Dataset excerpts
-- -- --

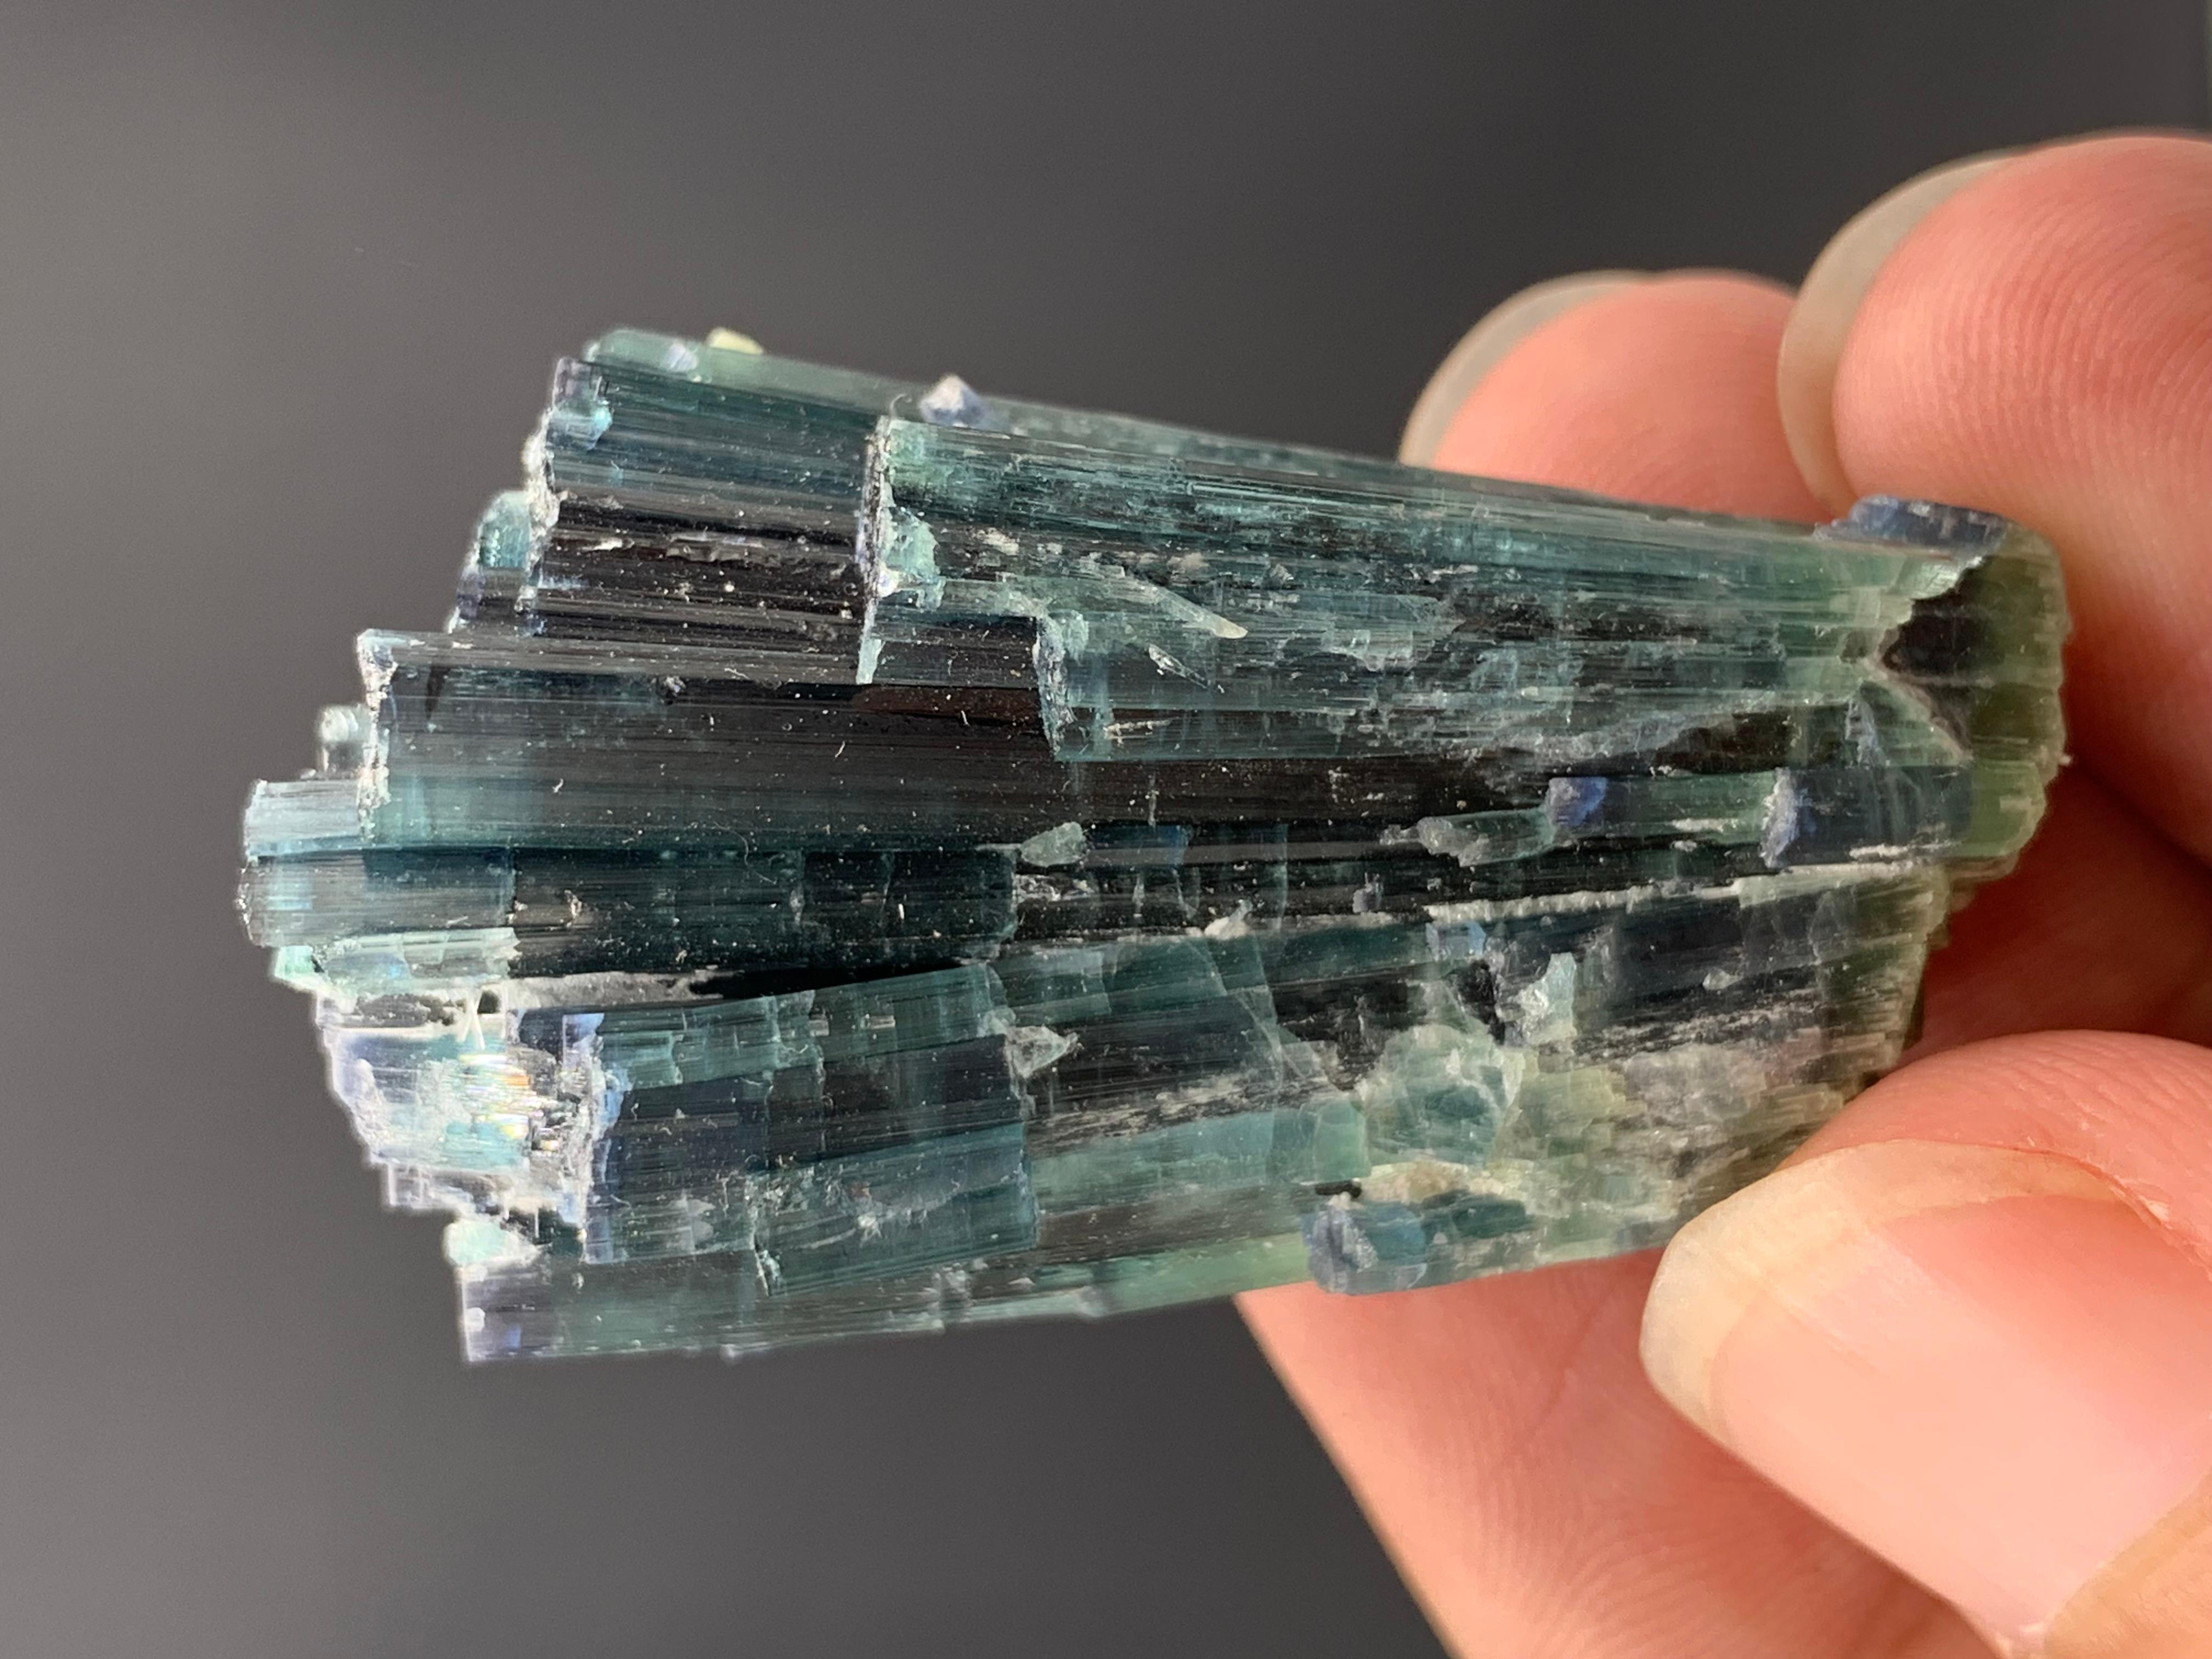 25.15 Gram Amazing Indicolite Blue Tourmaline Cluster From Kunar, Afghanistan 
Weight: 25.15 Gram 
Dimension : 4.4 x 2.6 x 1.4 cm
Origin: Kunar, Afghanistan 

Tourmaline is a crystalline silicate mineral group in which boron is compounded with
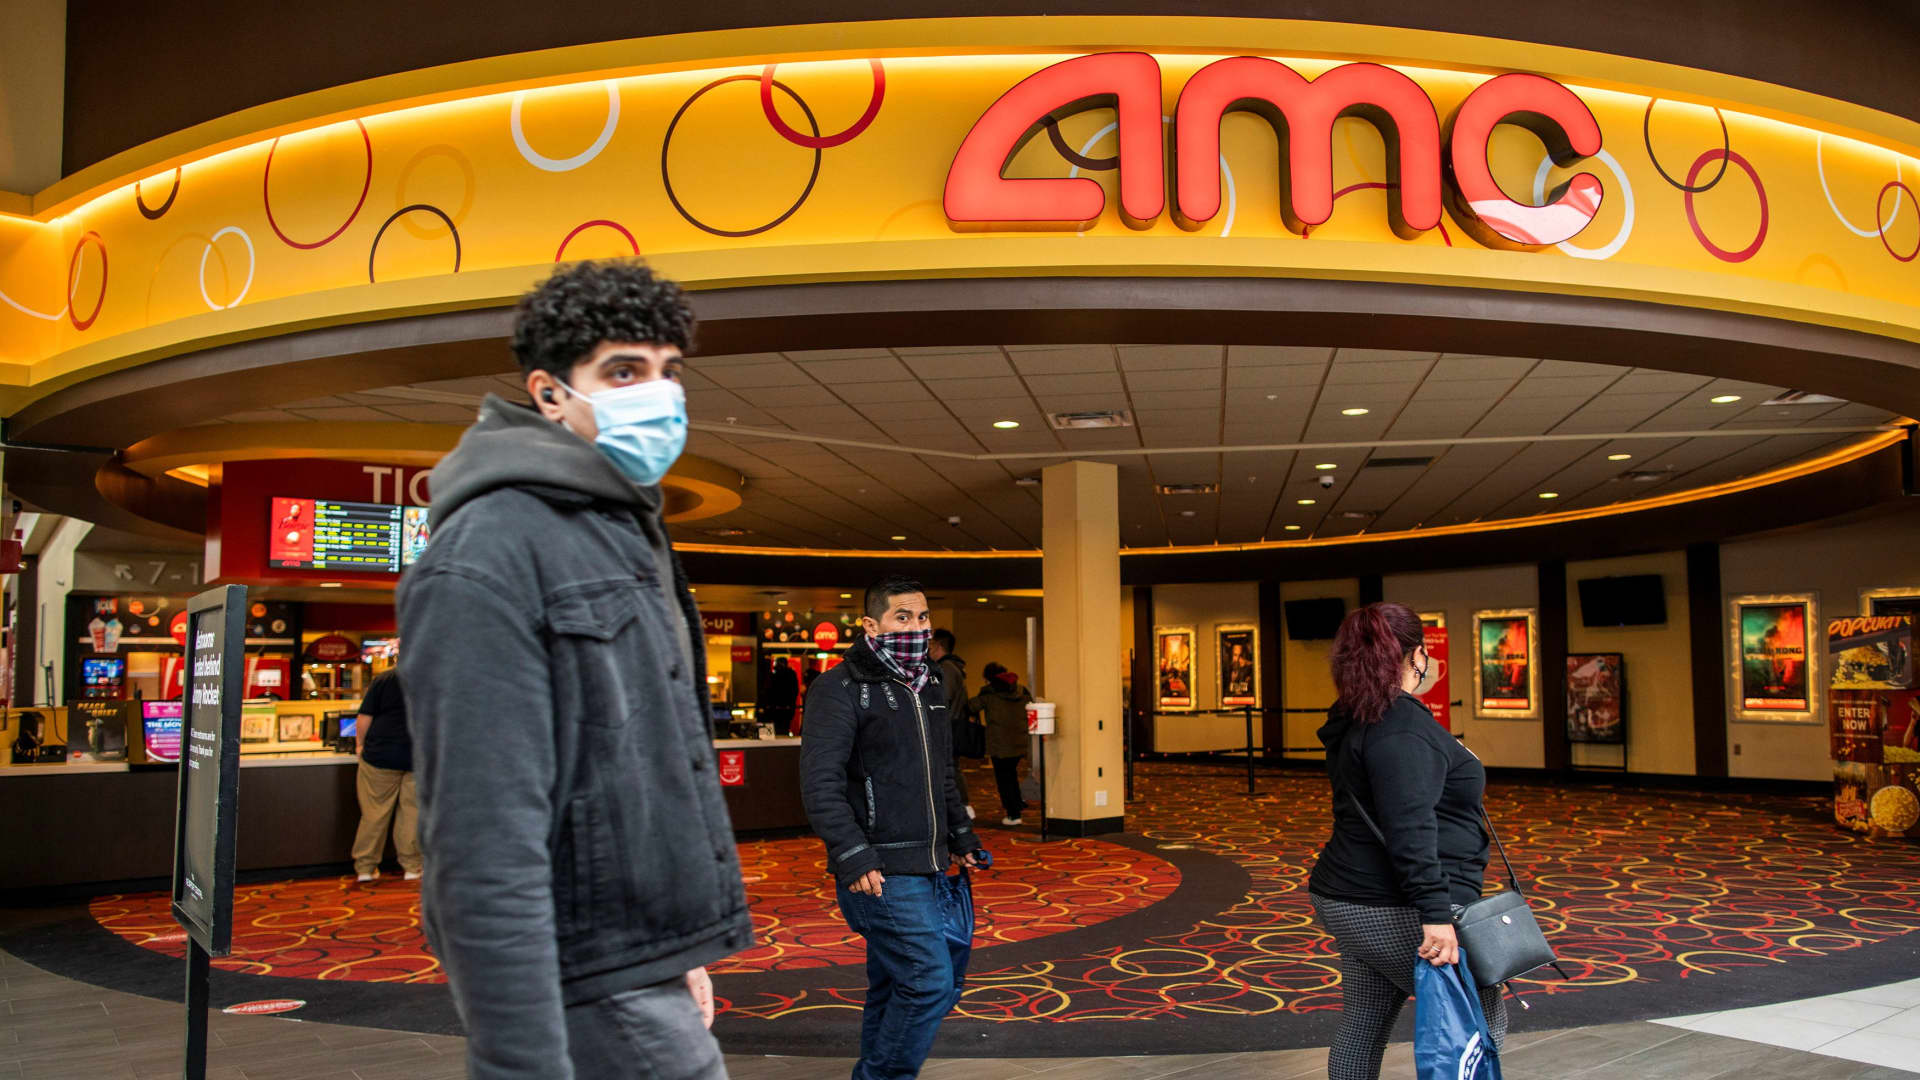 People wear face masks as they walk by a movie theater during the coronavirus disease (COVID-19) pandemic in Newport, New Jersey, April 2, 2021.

-- -- --

Activity – Leave the pictures out, and retype exactly the lines from the one containing "Origin: Kunar, Afghanistan" through the last line of the entries above, both included.

Result of the exercise –
Origin: Kunar, Afghanistan 

Tourmaline is a crystalline silicate mineral group in which boron is compounded with
 People wear face masks as they walk by a movie theater during the coronavirus disease (COVID-19) pandemic in Newport, New Jersey, April 2, 2021.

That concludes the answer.